Sonrió con crueldad.
-Imagínalo, Lupin. Dos piezas, rojo, y McGonagall saliendo del agua.
-¡Agh! Basta.
Morgan ladeó la cabeza, y sus rizos capturaron la luz por un momento.
-¿Cómo supiste mi nombre?-preguntó de repente, no habiendo pensado en ello antes.
-Le pregunté a Lily.
Ella aceptó la respuesta, y un silencio incómodo procedió.
Luego de un minuto (que se sintió como una hora) Remus comenzó a levantarse.
-Bueno, s-solo quería disculparme por lo de hoy. Te dejaré tranquila.
-¡Oh! No me molestas- le dijo, no sabiendo qué más decir.

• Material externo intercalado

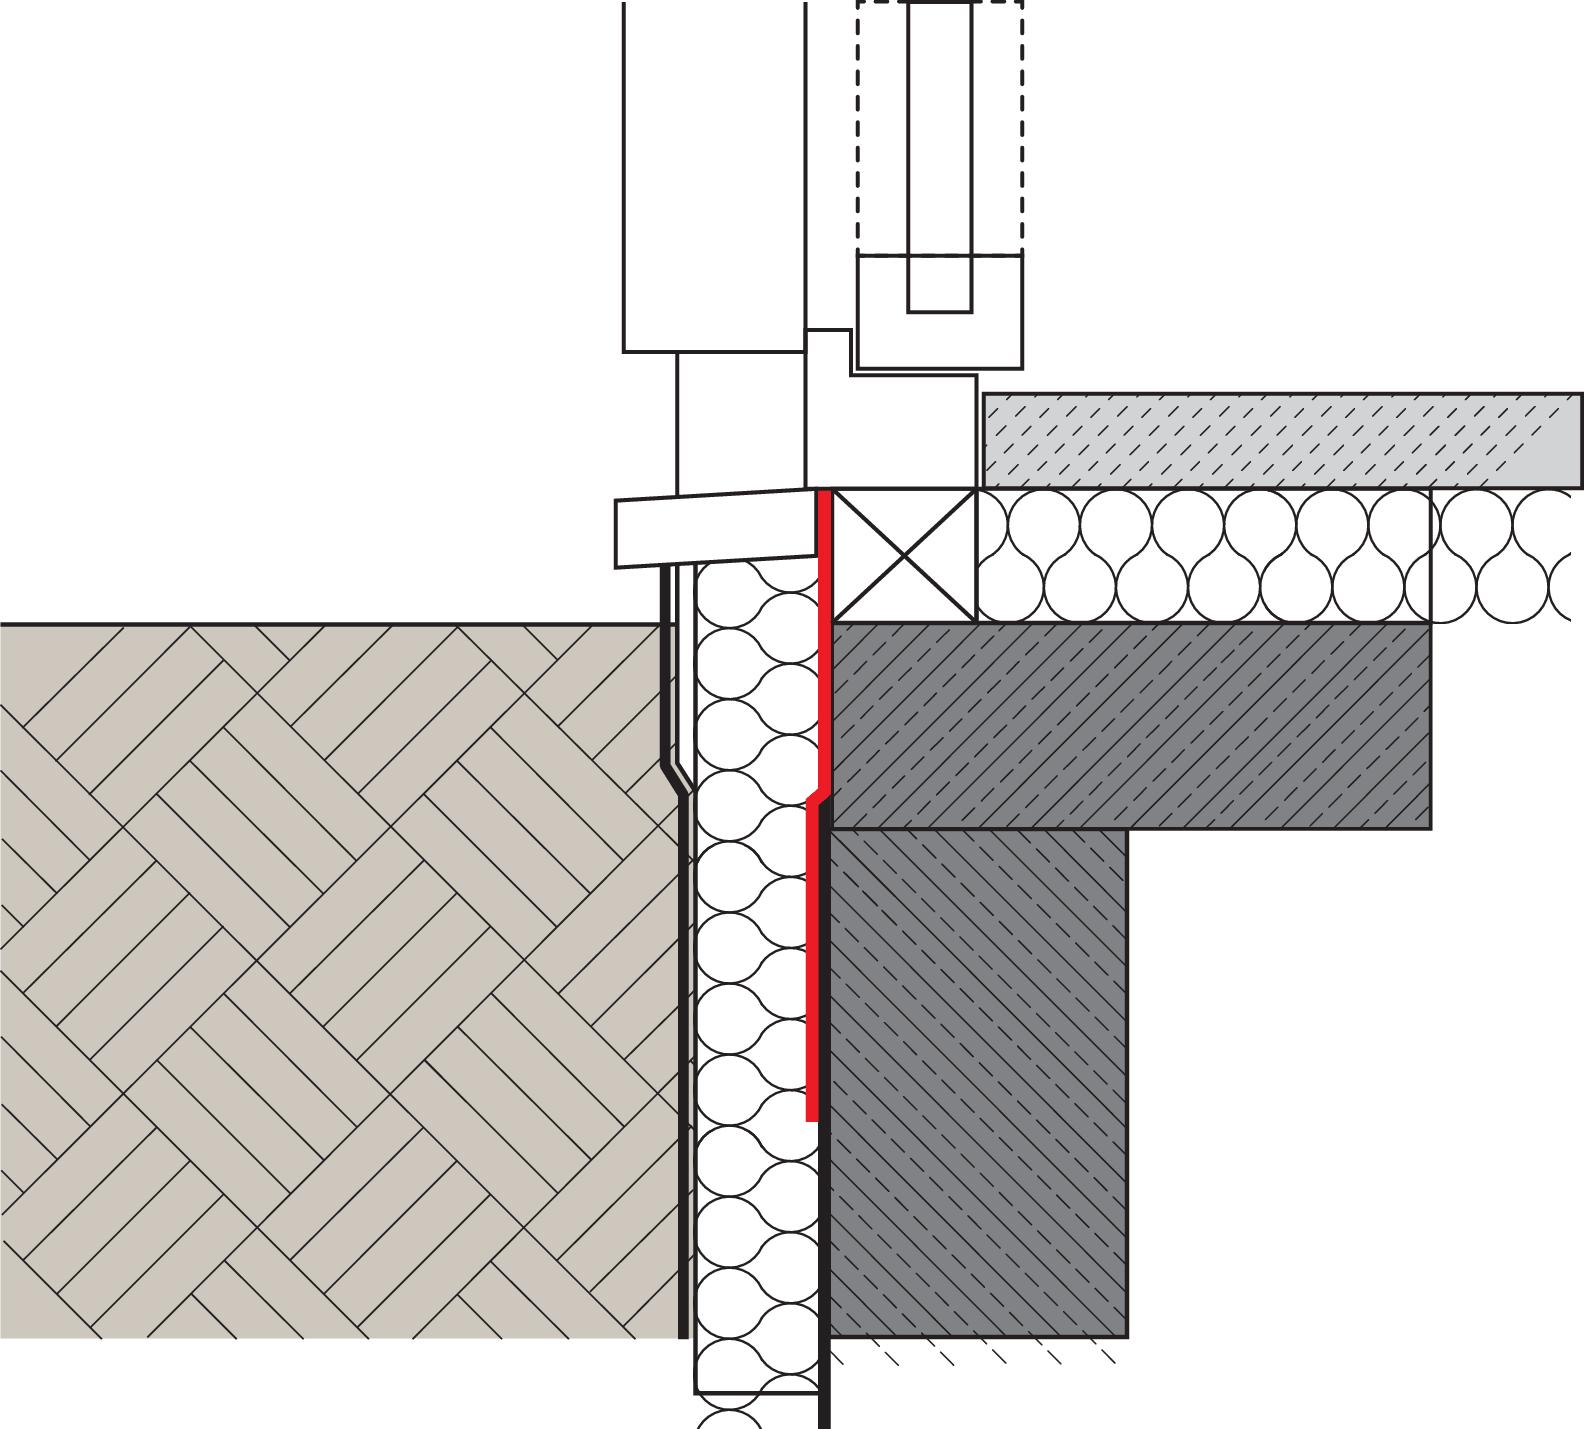 Relativ MB 2K zur Abdichtung bodentiefer Fenster à la Remmers GV81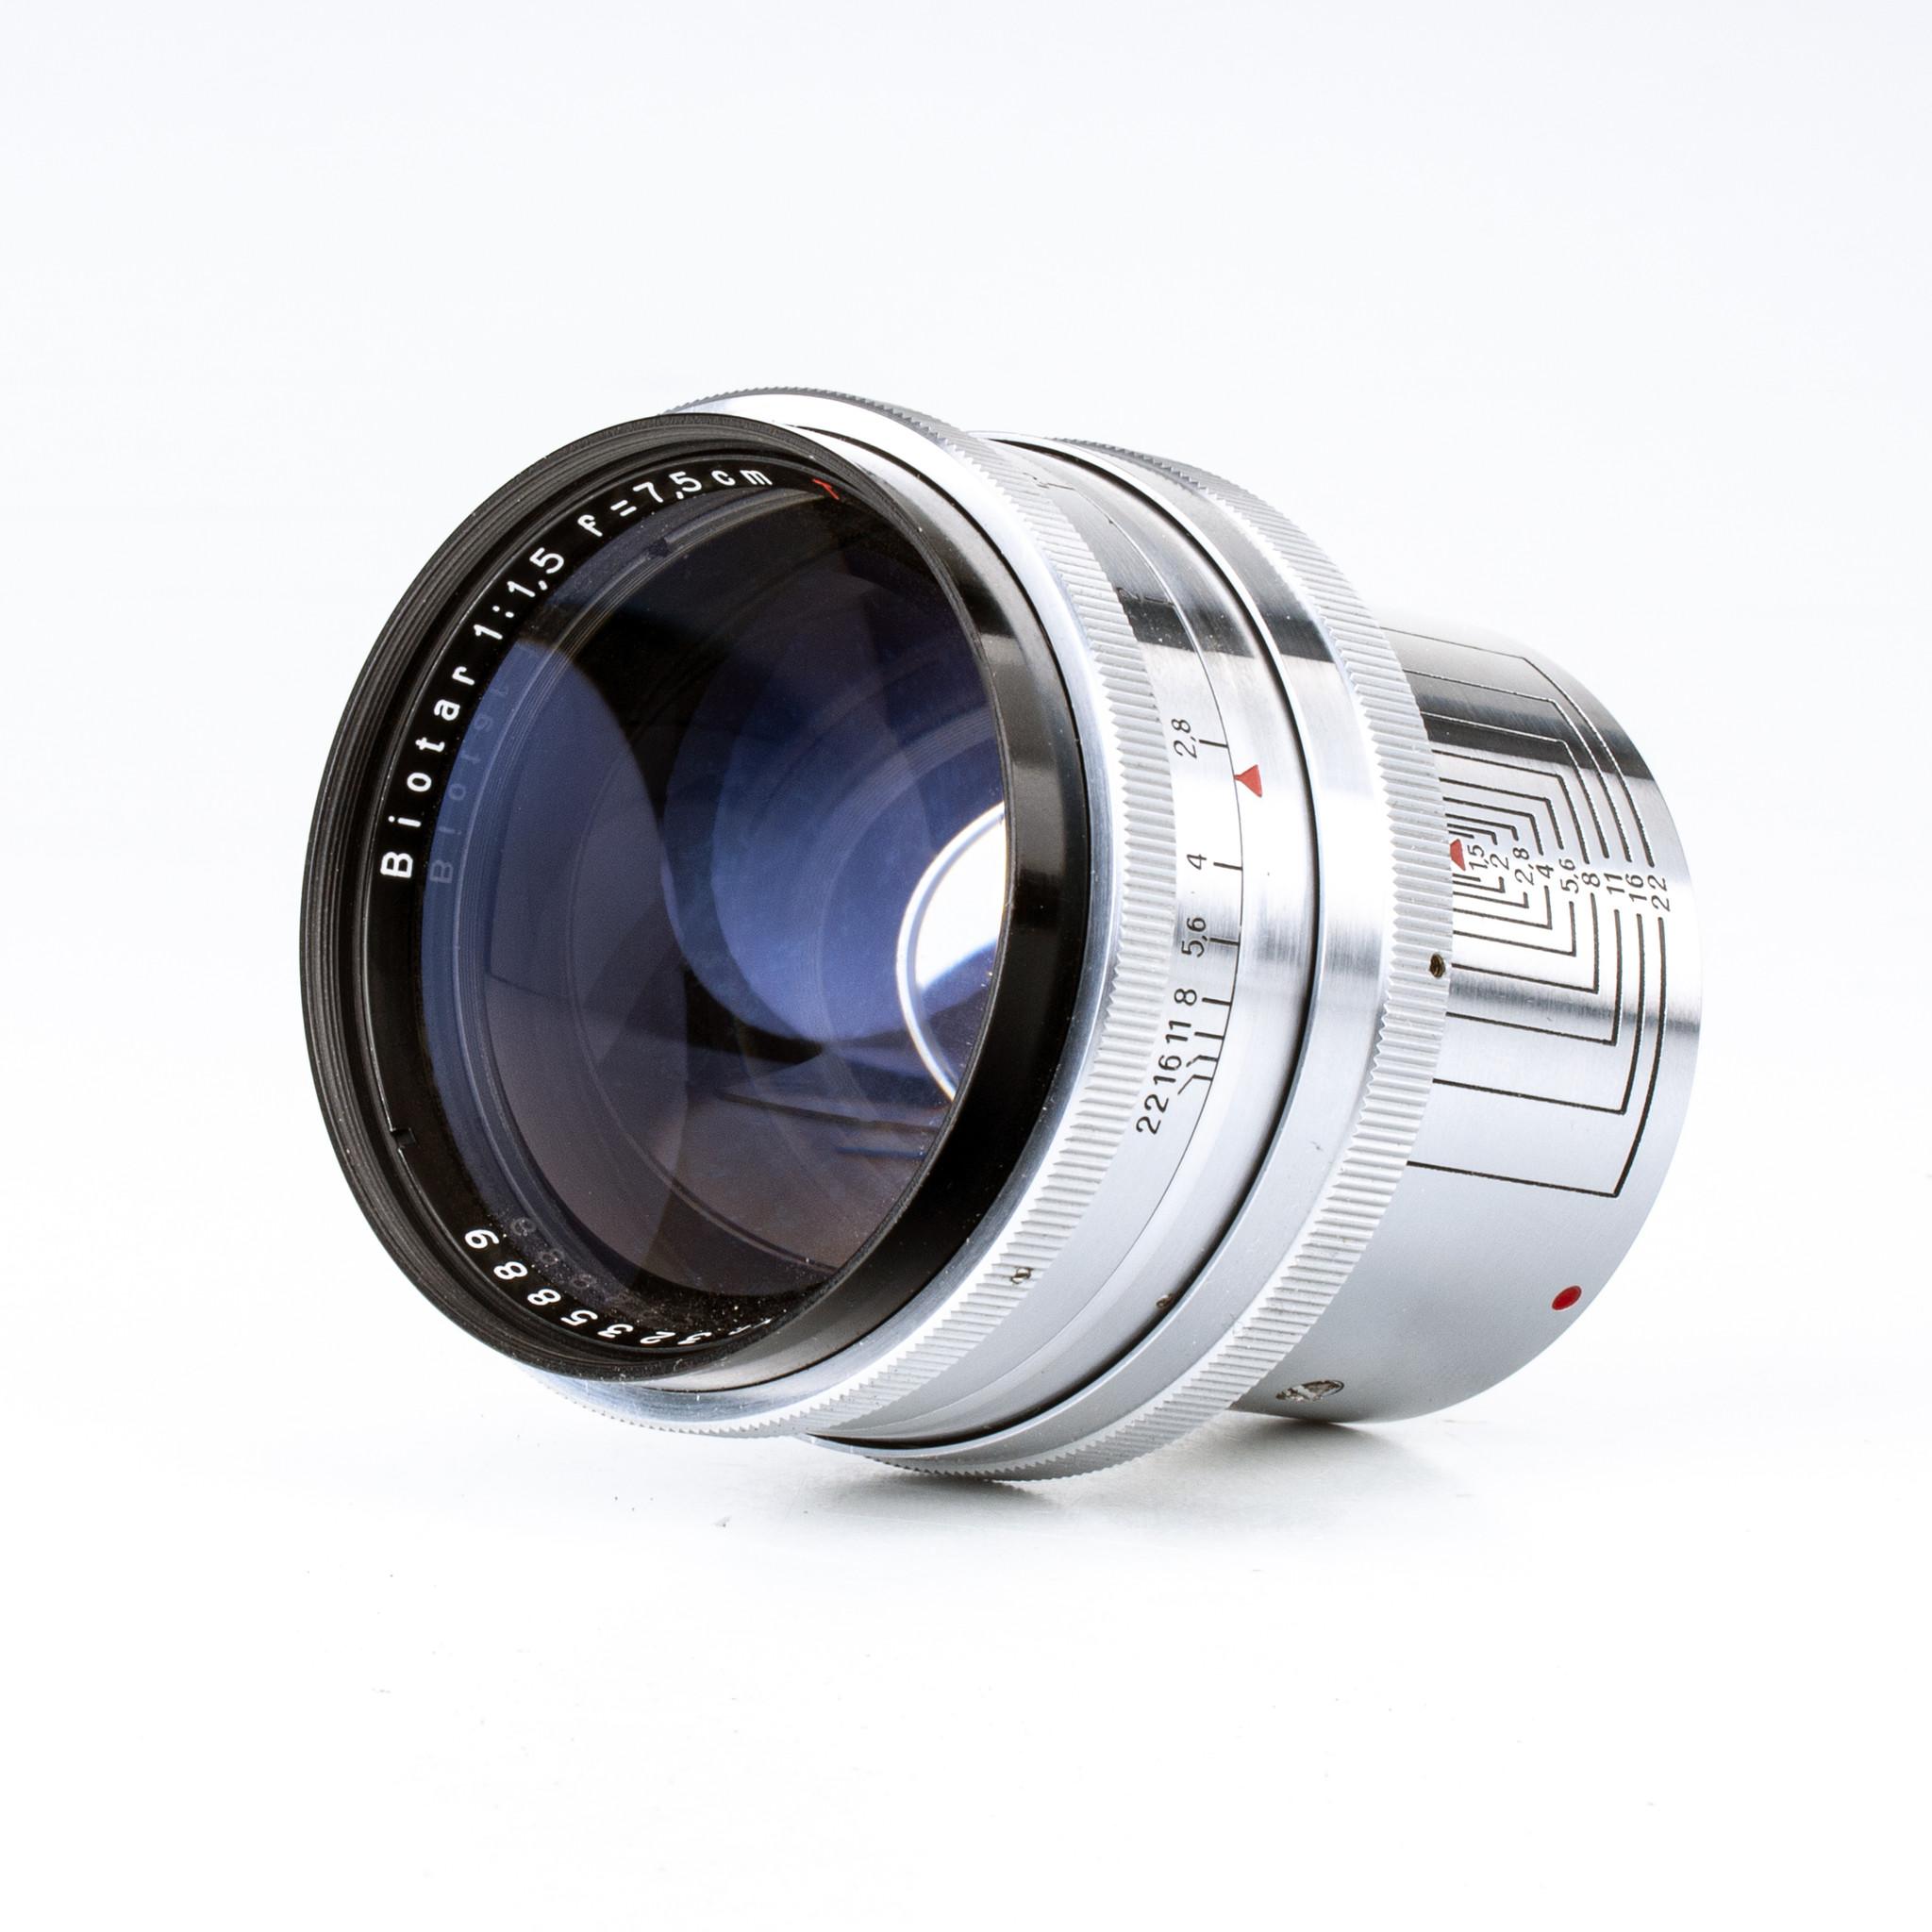 Zeiss Biotar 75mm f/1.5 V2

No era mentira. Aunque le encantaría conocer a James, comenzaba a hacerse a la idea de que tal cosa no sería posible. Pensaba lo mismo sobre Sirius.
Era triste, pero tenía que aceptar la cruda realidad. Si podía entablar una amistad con Remus ya sería un gran consuelo.
Supuso que no debería quejarse. Conoció a su madre y parecía que se llevarían de maravilla, y Remus parecía tan amable como en el futuro. Tener a esos dos de su lado le ayudaría a lidiar con lo que fuera que el futuro le deparaba.
Además, odiaba sentirse sola.
El licántropo volvió a acomodarse y sacó sus libros.
N/A: Planeaba hacerlo más largo pero me gusta así.
Luego de este capítulo vamos a ir avanzando un poco más rápido. Planeo que Morgan interactúe con otros personajes además de Lily y los Merodeadores, y también voy a seguir mostrando más sobre su pasado, para que entiendan cómo llegó a ser la Morgan que ustedes están conociendo.